Trey Gunn's initial verdict, as recorded in his dairy that day: "There is some absolutely hilarious music here." And he's right, this was a more playful sound than could be expected from the sometimes over-earnest Crimson Kings, like something George and Jane Jetson might enjoy while sipping cyber-martinis in a zero-gravity moon lounge. Belew's drumming isn't propelled with the same whirling dervish intensity later to be heard from Pat Mastelotto in ProjeKcts Three and Four (Adrian seems overly fond of that 'breaking glass' drum patch). But his steady yet unconventional rhythms, with the kick drum often programmed to trigger a sequential bass line, firmly anchor the flights of electronic fancy from the twin guitars of Fripp and Gunn.

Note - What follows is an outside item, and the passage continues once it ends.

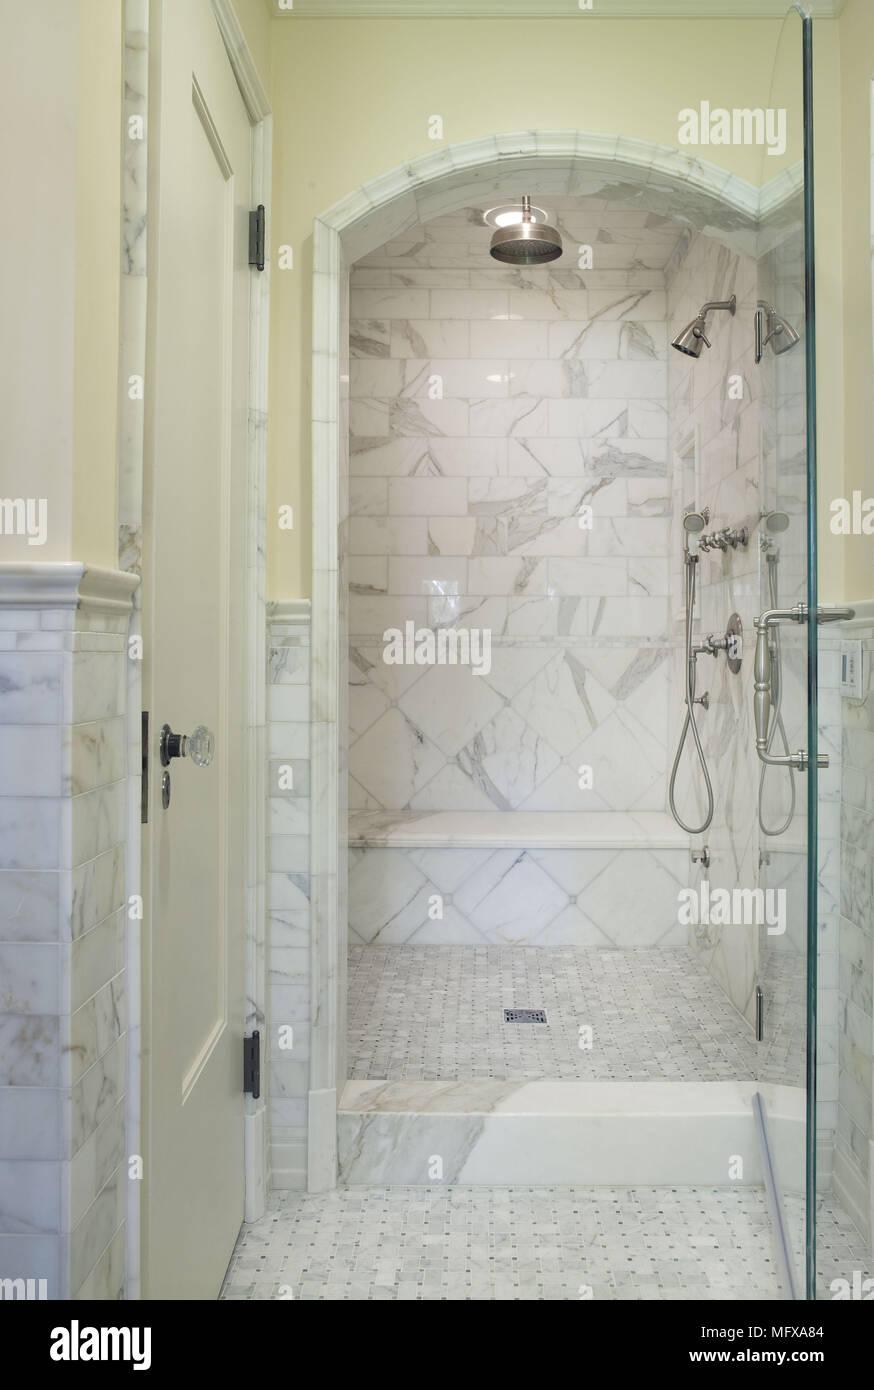 Duschkabine mit Glastür im traditionellen Stil Badezimmer Stockfoto ...

It really didn't need to be a 2-disc album: the combined running time of just over ninety minutes could have fit on a single CD with only minor editing (hours of equally valid jamming were already left on the cutting room floor). And there are, as you might expect from an entirely improvised album, more than a few moments of seemingly aimless noodling.

But a trio of this caliber can drift all day and still be worth hearing. And the payoff from the R&D would arrive a few years later, in the exhilarating techno-grooves galvanizing the Heavy ConstruKction tour at the tail end of the Millennium.